A convention may be defined as something which a number of men have agreed to accept in lieu of the truth and to pass off for the truth upon others: I was about to add, preferably when they can catch them young: but some recent travel in railway trains and listening to the kind of stuff men of mature years deliver straight out of newspapers for the products of their own digested thought have persuaded me that the ordinary man is as susceptible at fifty, sixty, or even seventy as at any earlier period of growth, and that the process of incubation is scarcely less rapid.
I am not, to be sure, concerned to deny that there may be conventions useful enough to society, serving it to maintain government, order, public and private decency, or the commerce on which it must needs rest to be a civilised society at all— commerce of food, commerce of clothing, and so on, up to commerce in knowledge and ideas. Government itself—any form of it—is a convention; marriage is a convention; money of course is a convention, and the alphabet itself I suppose to contain as many conventions as all the old Courts of Love and Laws of Chivalry put together, and our English alphabet one tremendous fallacy, that twenty-six letters, separately or in combination are capable of symbolising all the sounds produced by an Englishman's organs of speech, let alone the sounds he hears from foreigners, dogs, guns, steam-engines, motor-horns and other friends and enemies to whom we deny the franchise. Also of course it ignores the whole system of musical notes—another convention—which yet with many of the older bards could hardly be separated from the words they used, though now only the words survive and as literature.
IV
But every convention has a fallacy somewhere at the root; whether it be useful and operative, as many a legal fiction is operative, for good; or senile, past service yet tyrannous by custom, and so pernicious; or merely foolish, as certain artistic conventions are traceable, when a Ruskin comes to judgment, back to nothing better than folly: and it becomes men of honest mind, in dealing with anything recognisable as a convention, to examine its accepted fallacy, whether it be well understood or ill understood; beneficent or pernicious or merely foolish or both foolish and pernicious: and this is often most handily done by tracing its history.
Now I shall assume that the framers of the Ordinance regulating the duties of this Chair knew well enough, of their own reading, that English Literature deals with a vast variety of subjects: and that, if any piece of writing miss to deal with its particular subject, so closely that theme and treatment can scarcely be separated, by so much will it be faulty as literature. Milton is fairly possessed with the story of Man's fall, Boswell possessed with Johnson, Shelley with hatred of tyranny in all its manifestations, Mill again with the idea of Liberty: and it is only because we had knowledge presented to us at an age when we thought more attentively of apples, that we still fail to recognise in Euclid and Dr Todhunter two writers who are excellent because possessed with a passion for Geometry.

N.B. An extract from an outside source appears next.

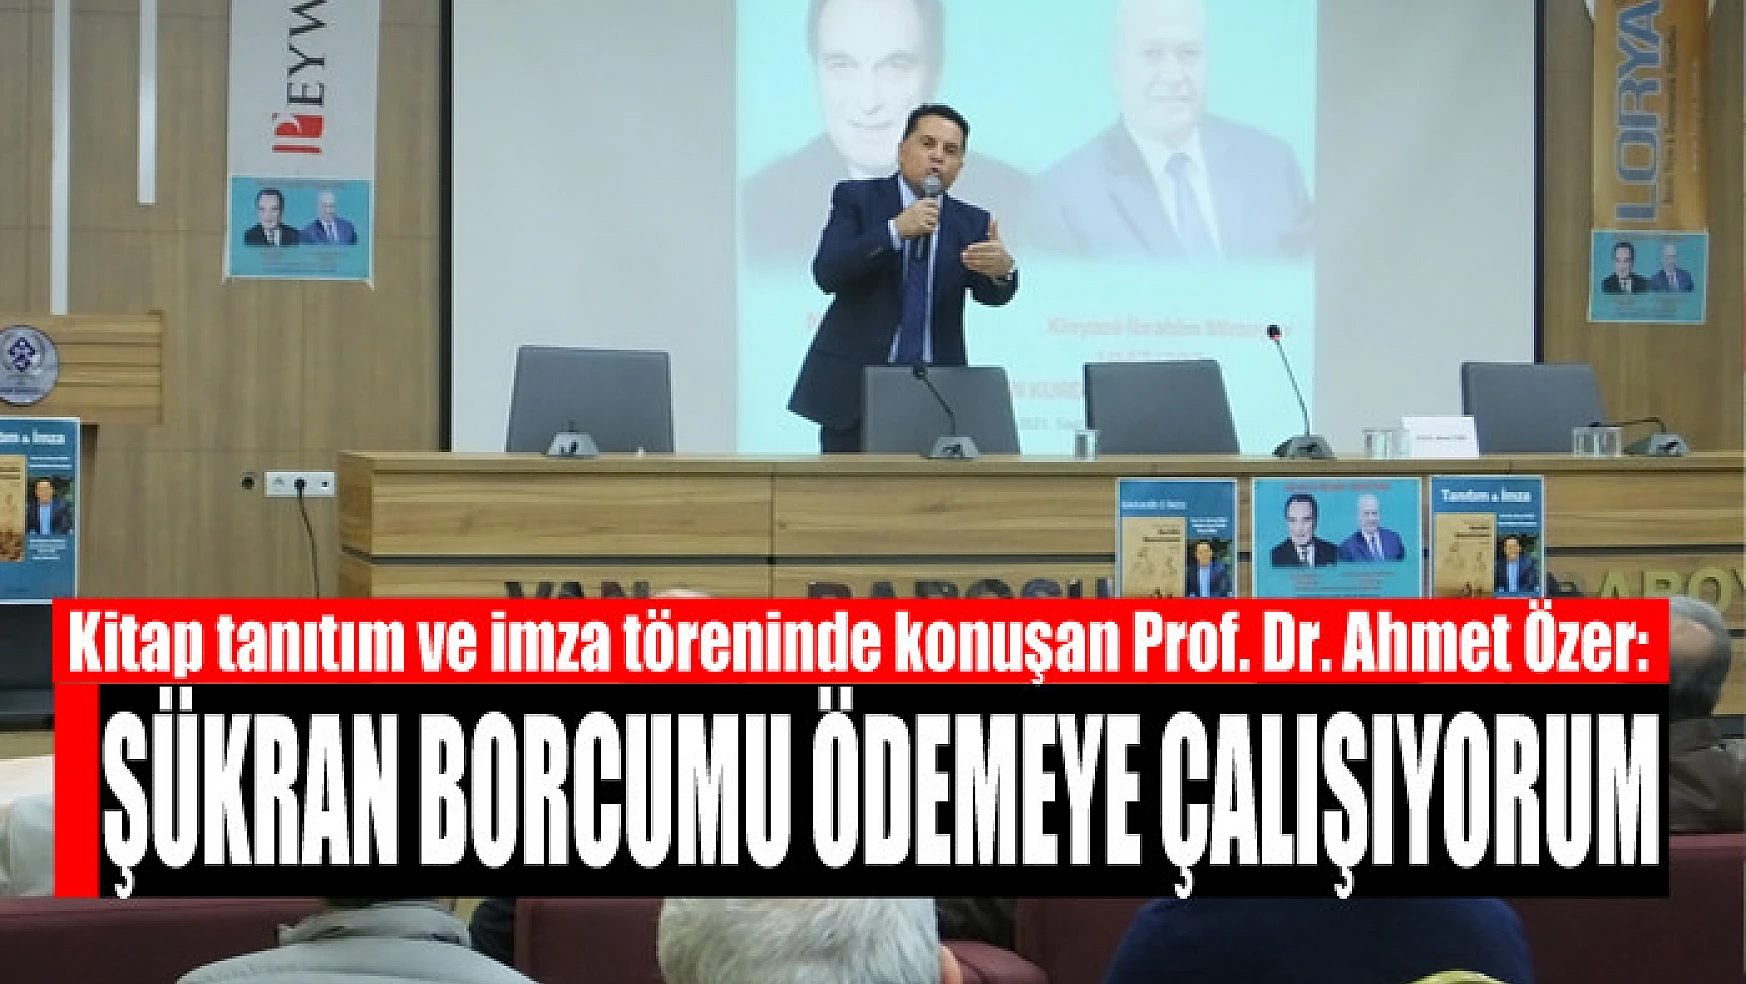 Prof. Dr. Ahmet Özer: Şükran borcumu ödemeye çalışıyorum

I infer, then, that the framers of the Ordinance, when they employed this phrase 'the study of the subject of English Literature,' knew well enough that no such thing existed in nature, but adopted the convention that English Literature could be separated somehow from its content and treated as a subject all by itself, for teaching purposes: and, for purposes of examination, could be yoked up with another subject called English Language, as other Universities had yoked it.
V
I believe the following to be a fair account of how these examinations in English Language and Literature came to pass, and how a certain kind of student came to pass these Examinations. At any rate since the small revolution has happened in my life-time and most of it since I was able to observe, the account here is drawn from my own observation and may be checked and corrected by yours.
Thirty-five or forty years ago—say in the late seventies or early eighties—some preparatory schools, and others that taught older boys but ranked below the great Public Schools in repute, taught so much of English Literature as might be comprised, at a rough calculation, in two or three plays of Shakespeare, edited by Clark and Aldis Wright; a few of Bacon's Essays, Milton's early poems, Stopford Brooke's little primer, a book of extracts for committal to memory, with perhaps Chaucer's "Prologue" and a Speech of Burke. In the great Public Schools no English Literature was studied, save in those which had invented 'Modern Sides,' to prepare boys specially for Woolwich or Sandhurst or the Indian Civil Service; for entrance to which examinations were held on certain prescribed English Classics, and marks mainly given for acquaintance with the editors' notes.